У молодежи 20-х годов довольно популярна была задорная ницшеанская концовка стихотворения молодого Горького:
А вы на земле проживете,
Как черви слепые живут:
Ни сказок про вас не расскажут,
Ни песен про вас не споют.
Казалось бы, назвал человека червем — и успокойся. Ну не пой о нем песен, не рассказывай сказок… Но разве такая пассивная позиция к лицу атакующему классу?!
В начале1905 года в Трубецком бастионе Петропавловской крепости Горький написал пьесу “Дети Солнца” (так сказать, драматический вариант “Песни о Соколе”). То ли само пребывание в крепости повлияло, то ли впечатления 9 января, но в этой пьесе Горький не обличает хозяев жизни (всяческих мещан, врагов, дачников) и не только не призывает к бунту, но даже заметно дистанцируется, во всяком случае от проявлений стихийного бунта. Писатель как будто вспомнил, что бунт бывает только бессмысленный, и задумался: что ожидает в этом бунте деятелей культуры?
Сюжетной канвой пьесы и служат так называемые холерные бунты 1892 года в Нижнем Поволжье. Взбунтовавшееся население подозревало, что врачи умышленно распространяют эпидемию, чтобы обеспечить свой цех работой.
В “Детях Солнца” пролетариат и вовсе представляет Егор — ловкий слесарь, но пропойца и буян, урезонить которого нельзя иначе как доской по башке. Главная проблема, которая заботит героев пьесы, — что делать с серой инертной массой, которая, как водоросли и раковины, присосалась к кораблю прогресса:
Лиза:А какое место в твоей картине, Лена, будут занимать вот эти люди?
Елена:Их там не будет, Лиза …
Протасов:Они, как водоросли и раковины, присосутся ко дну корабля …
Вагин:И будут затруднять его движение …
Лиза:Их участь — гибель, Елена? Без помощи, одни, эти люди должны погибнуть?
Елена:Они уже погибли, Лиза …
Художник Вагин скоро дополнит типично горьковским: “Мне органически чуждо все нездоровое”. Проблема названа: чтобы корабль двигался, надо отскребать то, что пристало к его дну. Что делать с отскребнутым, пока не уточняется. Зато Лиза — явно от лица автора — восторгается: “в этом доме звучат лучшие в мире мысли”.
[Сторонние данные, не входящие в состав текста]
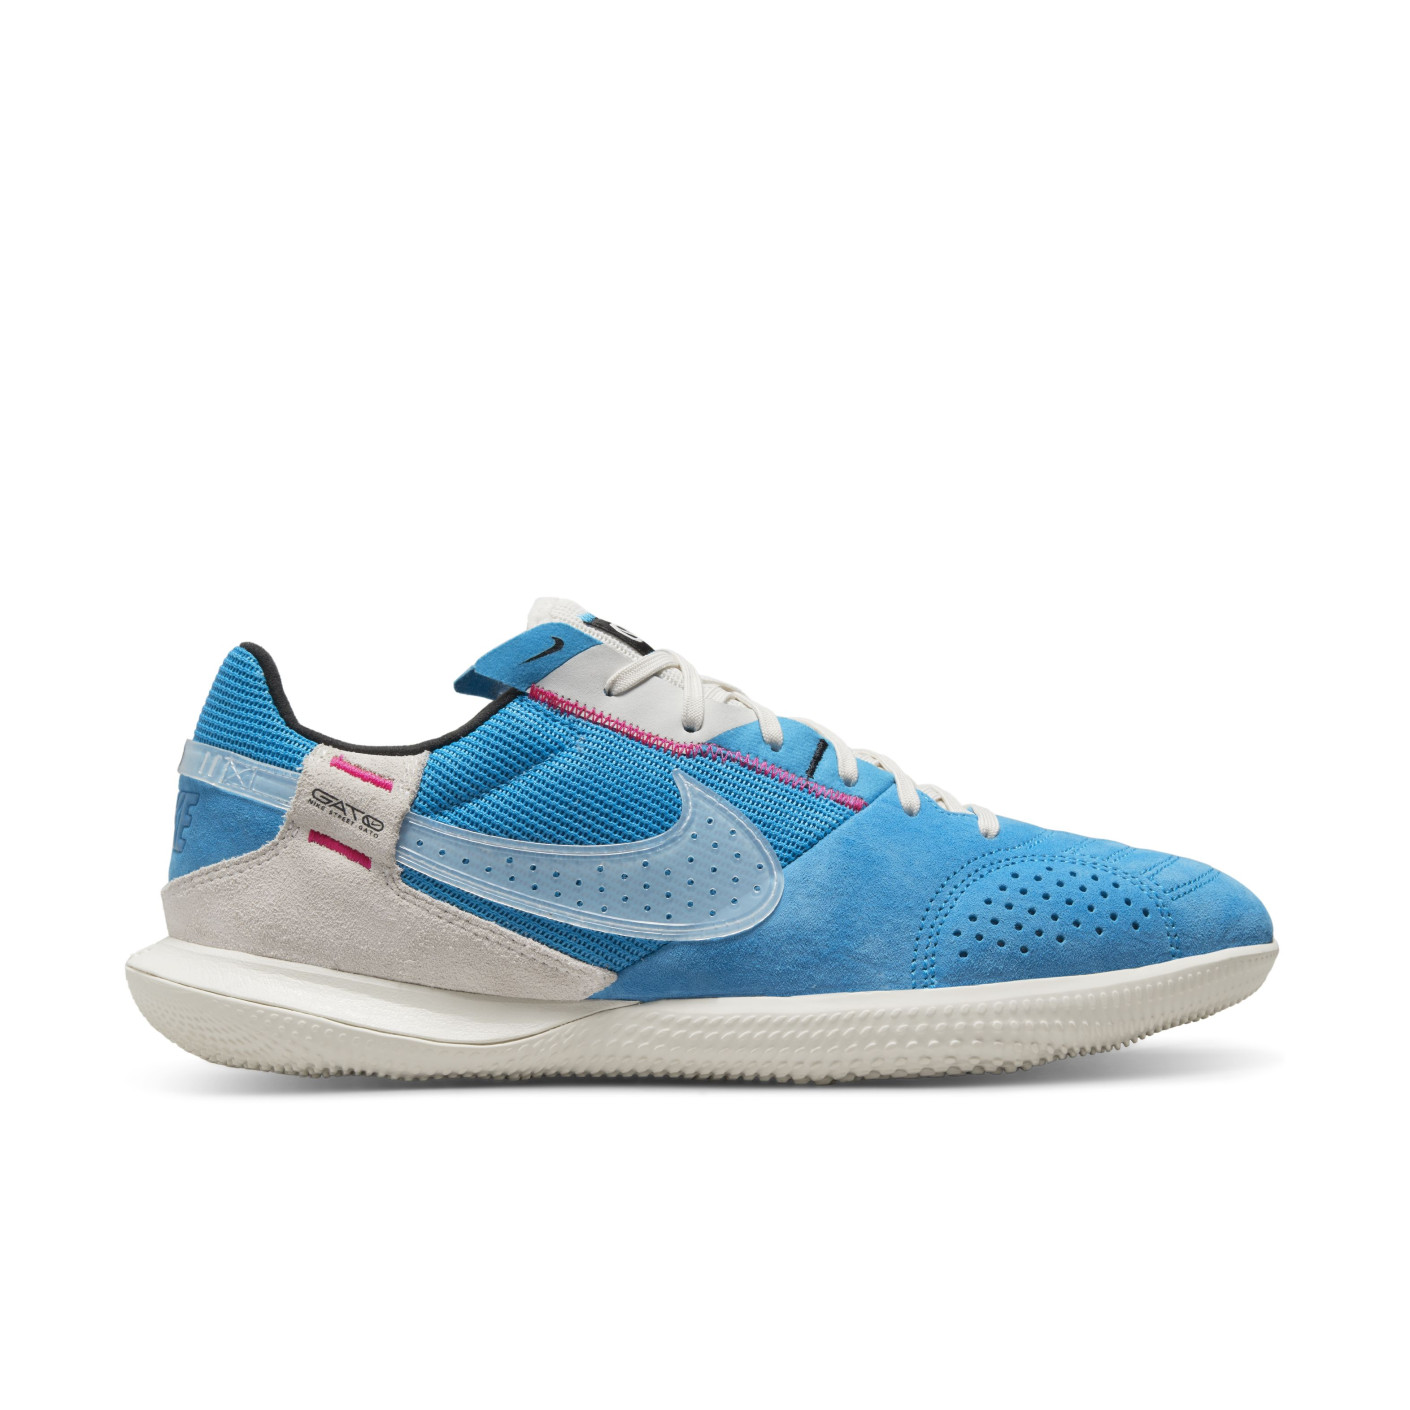 Nike StreetGato Straat / Zaalvoetbalschoenen Blauw Wit Roze

Несколько ранее Горький излагал похожие (и, конечно, тоже “лучшие в мире”) мысли Л. Толстому. Про “окружение человекоподобных”; про то, что “все строится на зыбкой почве, во враждебной среде”… Толстой резонно заметил: “Вы — сомнительный социалист. Вы — романтик, а романтики должны быть монархистами”.72 Может быть, романтика и есть отказ от логики?
Было ли для Горького что-нибудь дороже прогресса? Вряд ли. Даже о своем служении сaмому передовому классу с его сaмой передовой идеологией он нет-нет и забывал, а о “прогрессе” — никогда.73 Значит, эти черви, водоросли, ракушки (упоминаются еще и “слепые кроты”)74 — враги прогресса! Что же с ними делать?
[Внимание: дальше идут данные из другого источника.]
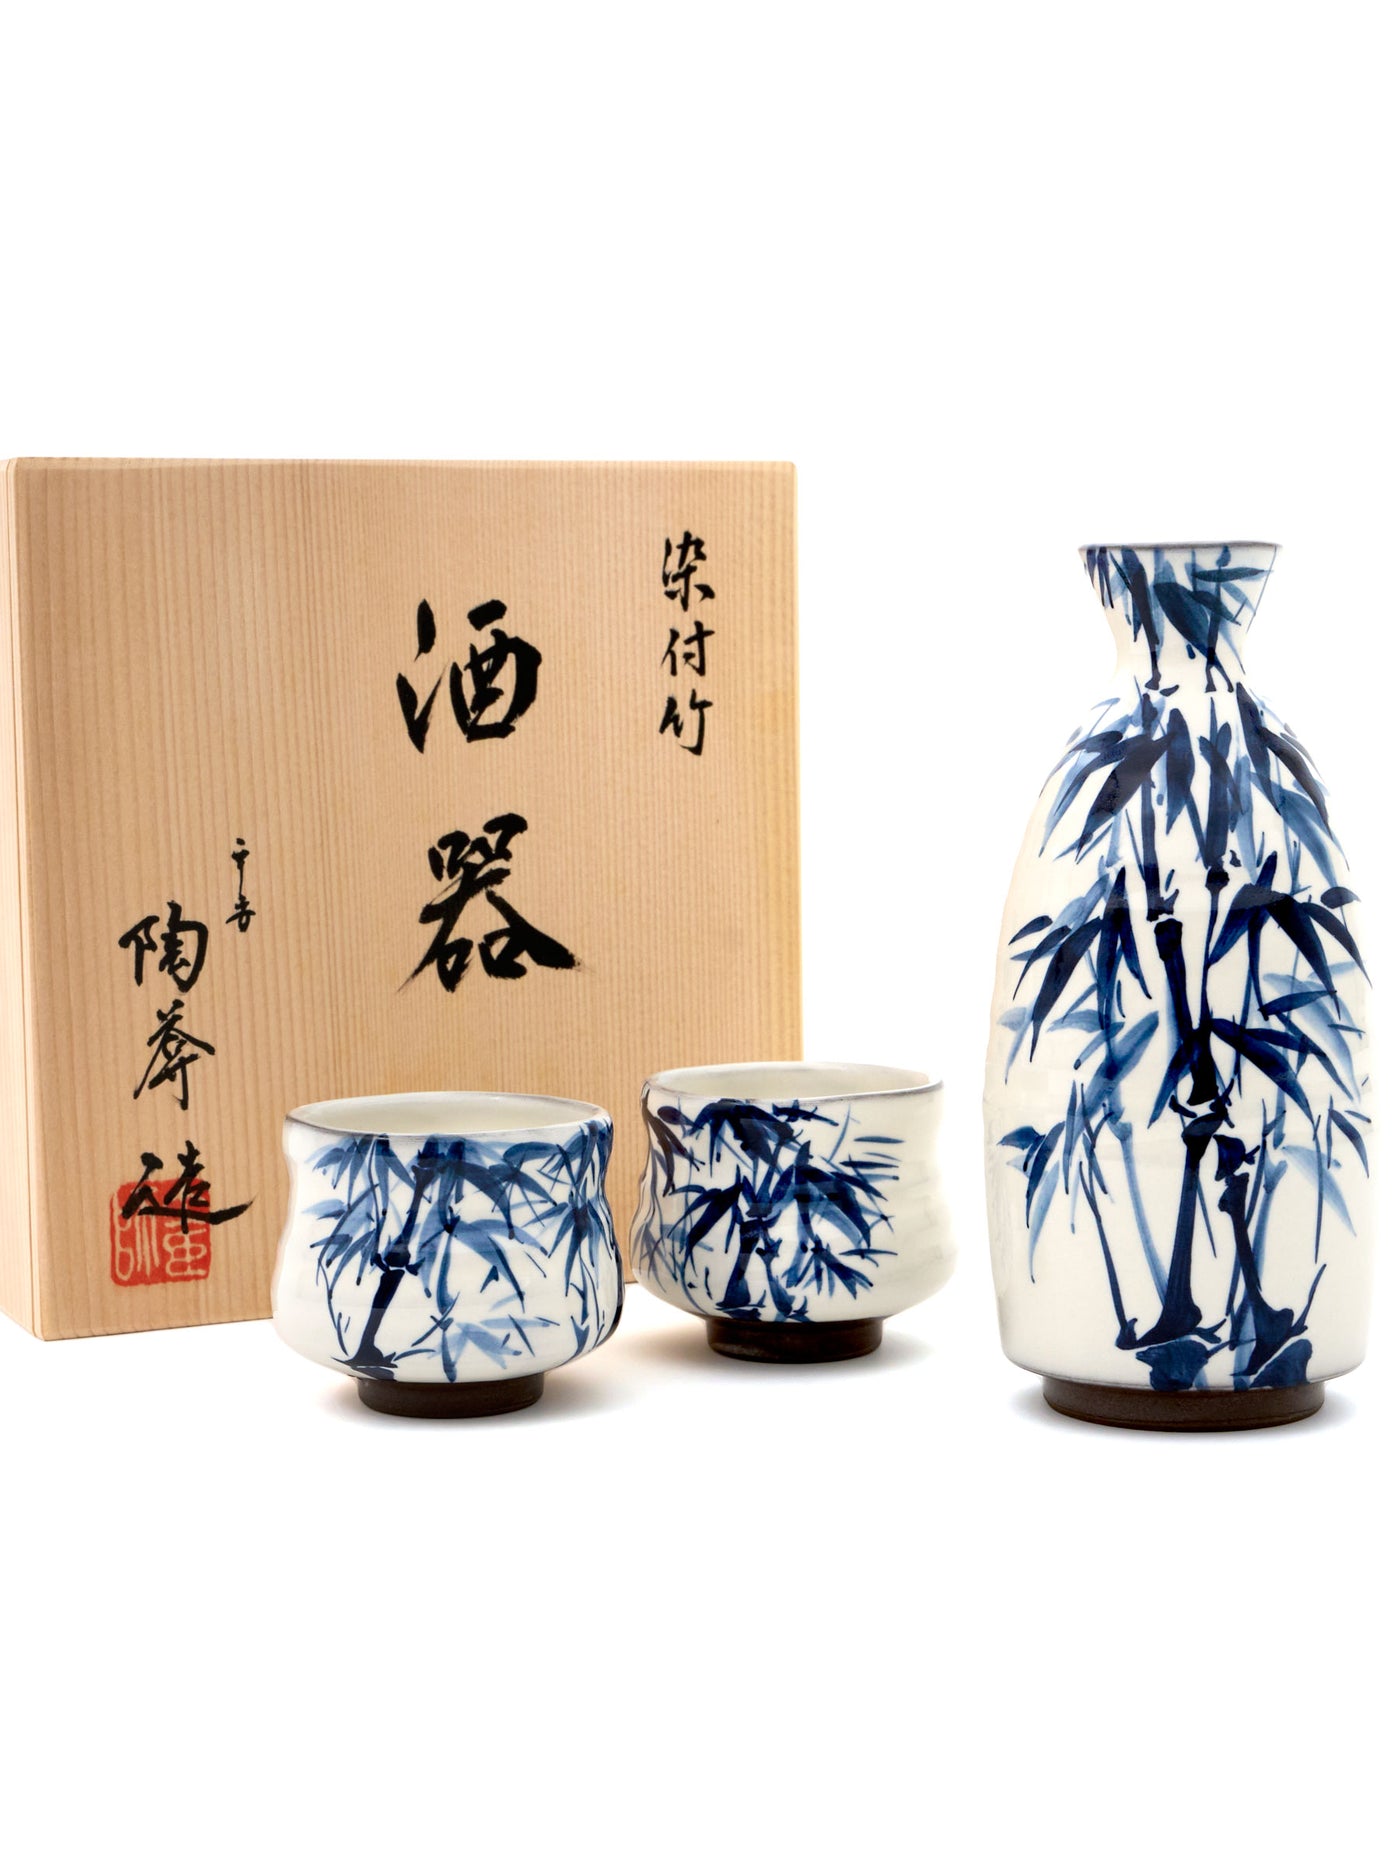 Bamboo Kyoto Ware Japanese Sake Set by Touan

При всем пристрастии Горького к миру цветистых метафор приходилось же возвращаться в скучную реальную жизнь. Там уже нельзя было произвольно манипулировать пространственно-временными координатами, как в приведенной сцене из “Детей Солнца”. Никуда не уплыть от этих помех, ни на каком корабле; они тут и останутся рядом. И чем больше будешь пытаться от них оторваться, тем больше они будут мешать: “враг” и не собирался сдаваться!
Решение лежало на поверхности и, наконец, было найдено.75 Статья Горького в “Правде” так и называлась: “Если враг не сдается, его уничтожают”. И уже совсем не важен конкретный повод. Неважно, что Горький вкладывал в свое понимание прогресса, как определял, кто прогрессу мешает. Важен избранный способ решения проблемы.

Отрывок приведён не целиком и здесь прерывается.